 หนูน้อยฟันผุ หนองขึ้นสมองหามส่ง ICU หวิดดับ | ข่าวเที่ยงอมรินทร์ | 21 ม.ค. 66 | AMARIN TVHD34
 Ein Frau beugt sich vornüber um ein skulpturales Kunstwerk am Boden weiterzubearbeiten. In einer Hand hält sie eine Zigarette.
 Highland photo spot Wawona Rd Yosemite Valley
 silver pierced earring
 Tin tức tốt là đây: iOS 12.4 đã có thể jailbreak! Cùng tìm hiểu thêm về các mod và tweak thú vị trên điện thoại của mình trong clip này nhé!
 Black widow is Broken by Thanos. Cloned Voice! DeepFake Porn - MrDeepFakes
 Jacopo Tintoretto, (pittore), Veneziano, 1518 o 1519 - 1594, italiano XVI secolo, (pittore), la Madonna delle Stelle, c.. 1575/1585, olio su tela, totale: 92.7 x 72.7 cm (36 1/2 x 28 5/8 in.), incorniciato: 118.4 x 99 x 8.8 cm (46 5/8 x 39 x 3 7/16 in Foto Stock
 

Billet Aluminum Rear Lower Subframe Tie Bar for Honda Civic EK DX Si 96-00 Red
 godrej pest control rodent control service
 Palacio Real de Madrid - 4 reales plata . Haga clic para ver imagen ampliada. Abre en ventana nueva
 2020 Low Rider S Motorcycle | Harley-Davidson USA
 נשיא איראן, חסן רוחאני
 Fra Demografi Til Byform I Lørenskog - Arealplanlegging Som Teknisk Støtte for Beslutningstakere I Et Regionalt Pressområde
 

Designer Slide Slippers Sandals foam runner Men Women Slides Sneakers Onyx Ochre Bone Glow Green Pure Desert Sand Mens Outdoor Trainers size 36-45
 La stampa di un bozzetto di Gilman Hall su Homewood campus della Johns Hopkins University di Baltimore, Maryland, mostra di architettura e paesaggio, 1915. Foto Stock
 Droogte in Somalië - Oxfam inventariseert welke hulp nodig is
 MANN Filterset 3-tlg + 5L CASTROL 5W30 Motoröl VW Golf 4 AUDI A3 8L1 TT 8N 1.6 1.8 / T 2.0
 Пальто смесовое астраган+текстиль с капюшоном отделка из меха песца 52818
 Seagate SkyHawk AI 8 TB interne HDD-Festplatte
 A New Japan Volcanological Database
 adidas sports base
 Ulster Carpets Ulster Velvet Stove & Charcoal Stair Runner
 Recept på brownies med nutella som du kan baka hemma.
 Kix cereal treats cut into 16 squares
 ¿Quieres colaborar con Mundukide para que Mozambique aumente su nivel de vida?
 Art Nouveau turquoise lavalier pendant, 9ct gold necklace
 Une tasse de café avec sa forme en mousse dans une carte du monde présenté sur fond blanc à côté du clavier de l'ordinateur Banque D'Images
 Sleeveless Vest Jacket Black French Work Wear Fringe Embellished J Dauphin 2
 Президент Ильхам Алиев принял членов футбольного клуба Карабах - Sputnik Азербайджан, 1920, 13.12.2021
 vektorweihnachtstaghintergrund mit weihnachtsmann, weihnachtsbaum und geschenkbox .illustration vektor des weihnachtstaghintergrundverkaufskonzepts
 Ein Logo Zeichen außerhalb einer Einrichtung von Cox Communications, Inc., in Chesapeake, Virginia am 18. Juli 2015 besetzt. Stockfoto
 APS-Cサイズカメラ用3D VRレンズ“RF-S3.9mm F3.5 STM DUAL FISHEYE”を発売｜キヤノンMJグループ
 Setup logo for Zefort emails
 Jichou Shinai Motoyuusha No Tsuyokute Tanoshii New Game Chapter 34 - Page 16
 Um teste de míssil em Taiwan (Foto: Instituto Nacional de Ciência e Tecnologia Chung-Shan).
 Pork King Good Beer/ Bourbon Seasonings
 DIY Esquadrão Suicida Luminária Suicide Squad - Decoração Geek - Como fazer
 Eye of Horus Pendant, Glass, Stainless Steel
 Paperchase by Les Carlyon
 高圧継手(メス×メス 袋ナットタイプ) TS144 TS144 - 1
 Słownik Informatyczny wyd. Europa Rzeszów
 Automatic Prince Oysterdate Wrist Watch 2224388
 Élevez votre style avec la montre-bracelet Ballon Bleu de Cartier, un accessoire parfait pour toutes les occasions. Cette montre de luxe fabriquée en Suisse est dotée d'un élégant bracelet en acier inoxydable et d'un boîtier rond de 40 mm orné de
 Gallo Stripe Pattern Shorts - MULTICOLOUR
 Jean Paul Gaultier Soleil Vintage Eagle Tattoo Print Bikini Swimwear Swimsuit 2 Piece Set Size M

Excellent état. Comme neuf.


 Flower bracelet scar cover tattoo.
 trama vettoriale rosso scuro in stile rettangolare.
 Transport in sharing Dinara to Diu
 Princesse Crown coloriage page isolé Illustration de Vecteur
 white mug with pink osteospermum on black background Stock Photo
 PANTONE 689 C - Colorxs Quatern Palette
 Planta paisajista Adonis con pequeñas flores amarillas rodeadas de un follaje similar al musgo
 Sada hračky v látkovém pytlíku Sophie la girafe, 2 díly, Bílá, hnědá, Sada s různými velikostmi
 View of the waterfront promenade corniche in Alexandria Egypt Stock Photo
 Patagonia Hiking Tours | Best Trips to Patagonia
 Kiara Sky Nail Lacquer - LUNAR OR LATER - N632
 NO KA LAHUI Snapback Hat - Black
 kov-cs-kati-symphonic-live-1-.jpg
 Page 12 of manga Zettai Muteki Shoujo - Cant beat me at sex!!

## TASK DETAILS
For every line above that holds the word "para", report the whole line.

## WRITTEN SOLUTION
 Palacio Real de Madrid - 4 reales plata . Haga clic para ver imagen ampliada. Abre en ventana nueva
 ¿Quieres colaborar con Mundukide para que Mozambique aumente su nivel de vida?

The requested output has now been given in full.